For example, at a maximum scale in the plurality of scales, in the sample palm image, sampling is performed on every other column. That is, a pixel is selected every other pixel in the row direction, and the selected pixels are spliced, to obtain the slice image. Information in the spliced slice image is not lost, but size information in the sample palm image is concentrated on the channel, and a convolution operation is performed on an obtained new image, to obtain a downsampling feature map without information loss.
For another example, at a second largest scale in the plurality of scales, in the sample palm image, sampling is performed in every two columns. That is, pixels are selected every two pixels, and the selected pixels are spliced, to obtain the slice image. Information in the spliced slice image is not lost, but size information in the sample palm image is concentrated on the channel, and a convolution operation is performed on an obtained new image, to obtain a downsampling feature map without information loss.
For example, a size of an original image is: 640*640*3. Through the slicing operation, a feature map of 320*320*12 is obtained. 640*640 in the original image is configured for representing width*height, and 3 in the original image is configured for representing a length (also referred to as a quantity of channels) of a feature vector corresponding to each pixel.
Operation 1303: Perform, through a neck network of the palm part detection model, feature fusion on the sample image features at the plurality of scales, to obtain the sample image fusion feature.
The sample prediction palm part frame is obtained by prediction by the palm part detection model, and the palm part detection model includes a neck network; and the fusing the sample image features at the plurality of scales, to obtain a sample image fusion feature includes: performing, through the neck network, feature fusion on the sample image features at the plurality of scales, to obtain the sample image fusion feature.
The neck network belongs to the palm part detection model and is a structure configured for performing feature fusion on the sample image features at the plurality of scales to obtain the sample image fusion feature. The neck network is connected to the backbone network, and is configured to receive the sample image features at the plurality of scales output by the backbone network.
The sample image features at the plurality of scales refer to features obtained by performing feature extraction on images at the plurality of scales. Sample image features at different scales may express different information. In the sample image features at the plurality of scales, sample image features at larger scales express more position information, and sample image features at smaller scales express more semantic information.
For example, the palm recognition device extracts features at the plurality of scales, under different receptive fields, and in different categories, and fuses the sample image features at the plurality of scales, to obtain the sample image fusion feature corresponding to the sample palm image.

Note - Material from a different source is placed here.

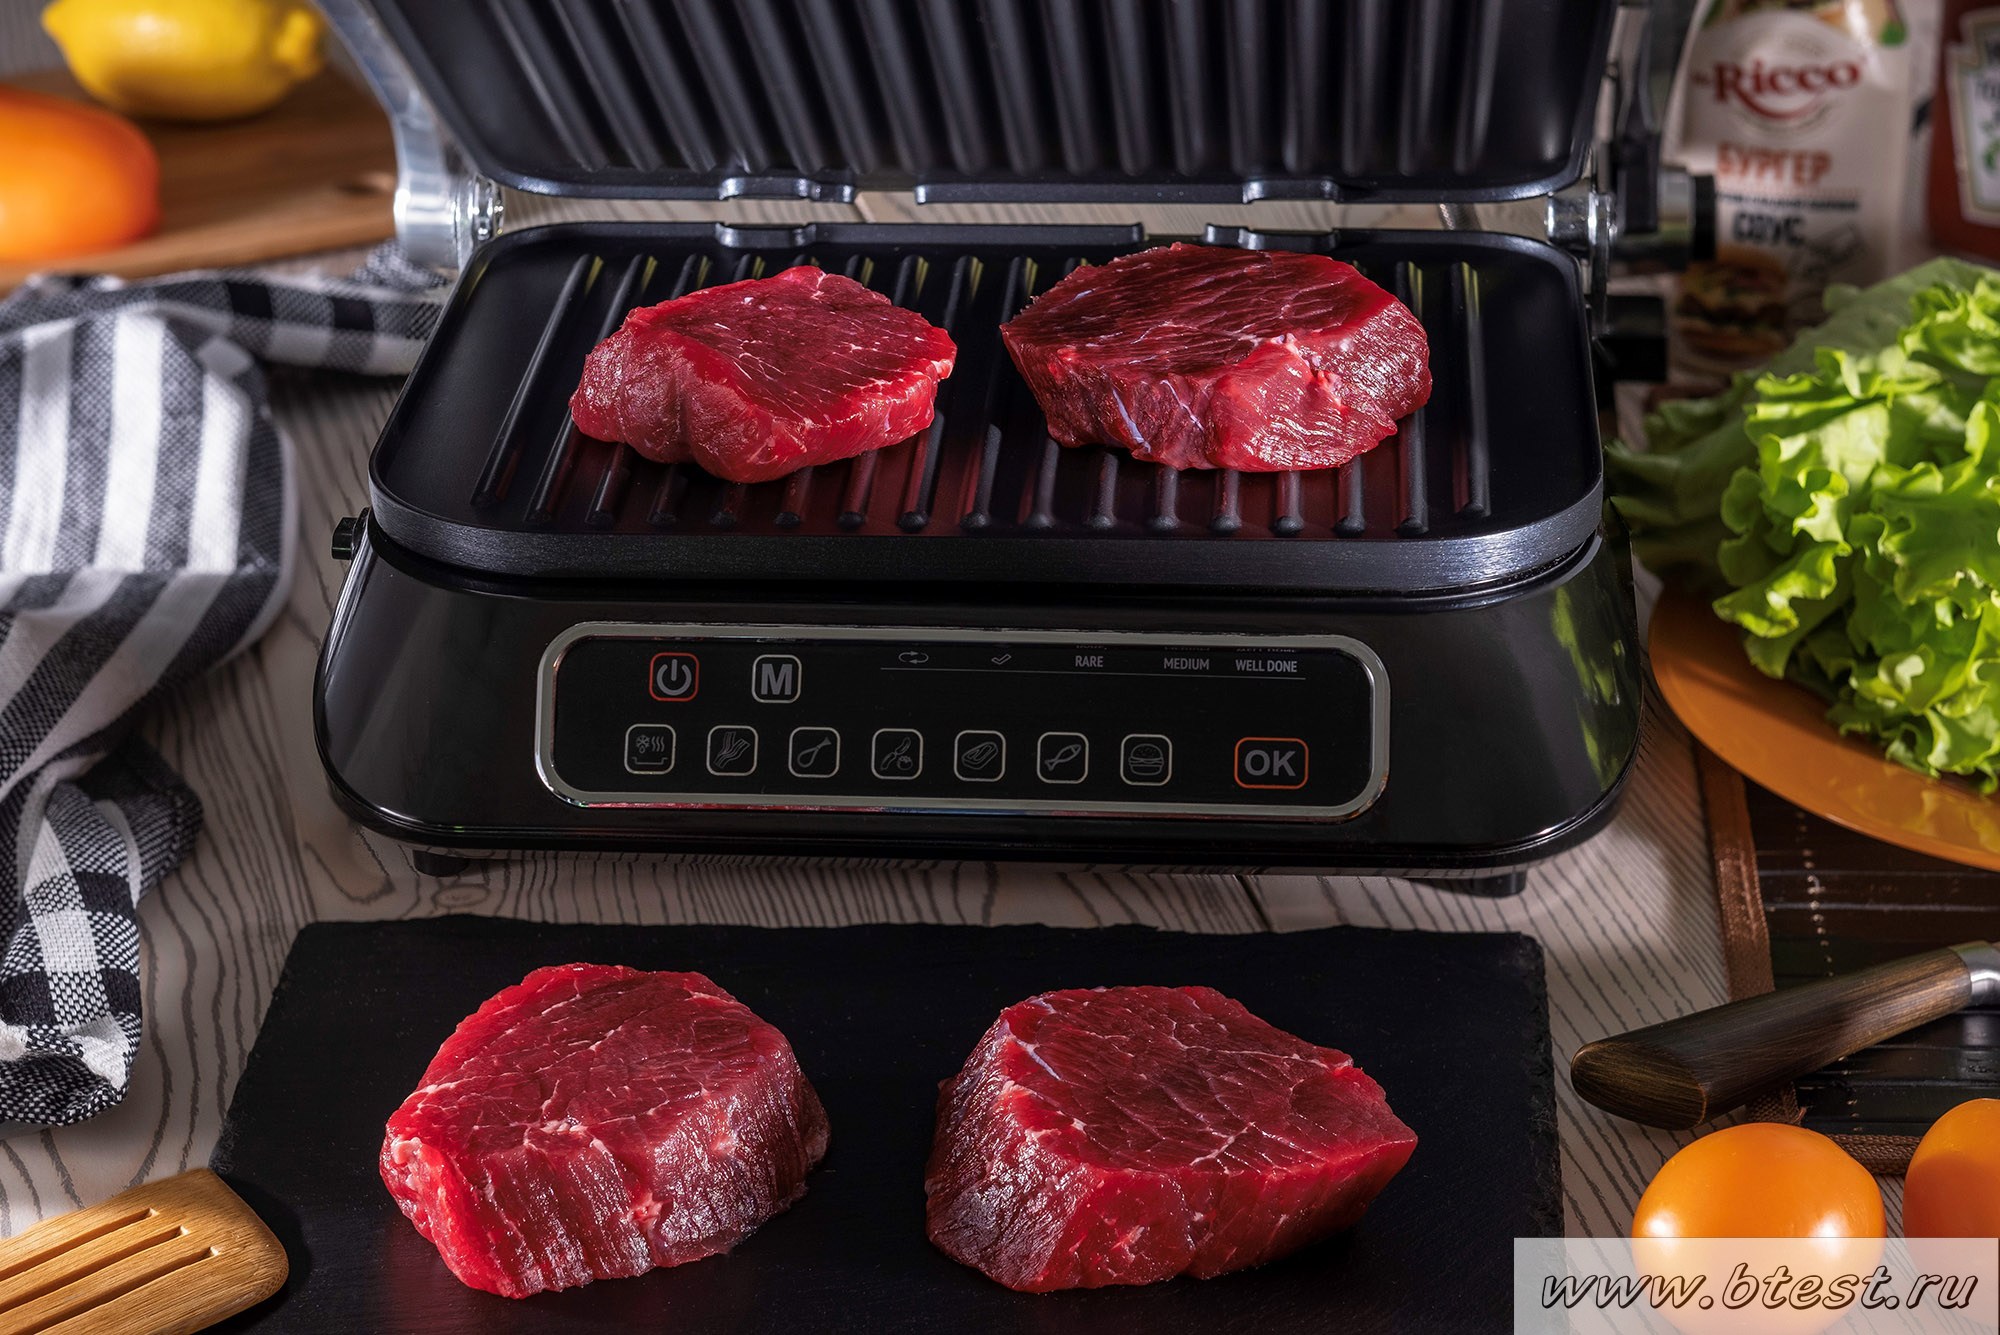 REDMOND SteakMaster - начинаем готовить

In some embodiments, the performing, through the neck network, feature fusion on the sample image features at the plurality of scales, to obtain the sample image fusion feature includes: performing, through the neck network, fusion at the same scale on the sample image features at the plurality of scales, to obtain the sample image fusion feature. The fusion of the sample image features at the same scale may be summation or averaging.
The palm recognition device fuses the sample image features at the plurality of scales, which increases detection accuracy of a small target, so that the sample prediction palm part frame can be detected more accurately. In this way, the sample prediction palm part image can be cropped out more accurately. This further reduces a data amount of the sample prediction encrypted palm part image data, improves identity recognition efficiency, and ensures security of identity recognition.
In some embodiments, the performing, through the neck network, feature fusion on the sample image features at the plurality of scales, to obtain the sample image fusion feature includes: performing, through the neck network, feature fusion based on the sample image features at the plurality of scales, to obtain first intermediate features at the plurality of scales; performing, through the neck network, feature fusion at the plurality of scales based on the first intermediate features at the plurality of scales, to obtain second intermediate features at the plurality of scales; and performing, through the neck network, feature fusion on the second intermediate features at the plurality of scales, to obtain the sample image fusion feature.
The feature fusion at the plurality of scales refers to performing feature fusion at different scales respectively. The first intermediate features at the plurality of scales may be in a one-to-one correspondence with the sample image features at the plurality of scales. The first intermediate features at the plurality of scales may be in a one-to-one correspondence with the second intermediate features at the plurality of scales. The sample image features at the plurality of scales may be consistent with the first intermediate features at the plurality of scales. The first intermediate features at the plurality of scales may be consistent with the second intermediate features at the plurality of scales. The performing feature fusion on the second intermediate features at the plurality of scales may be fusing, at the same scale, the second intermediate features at the plurality of scales. The fusion may be summation or averaging.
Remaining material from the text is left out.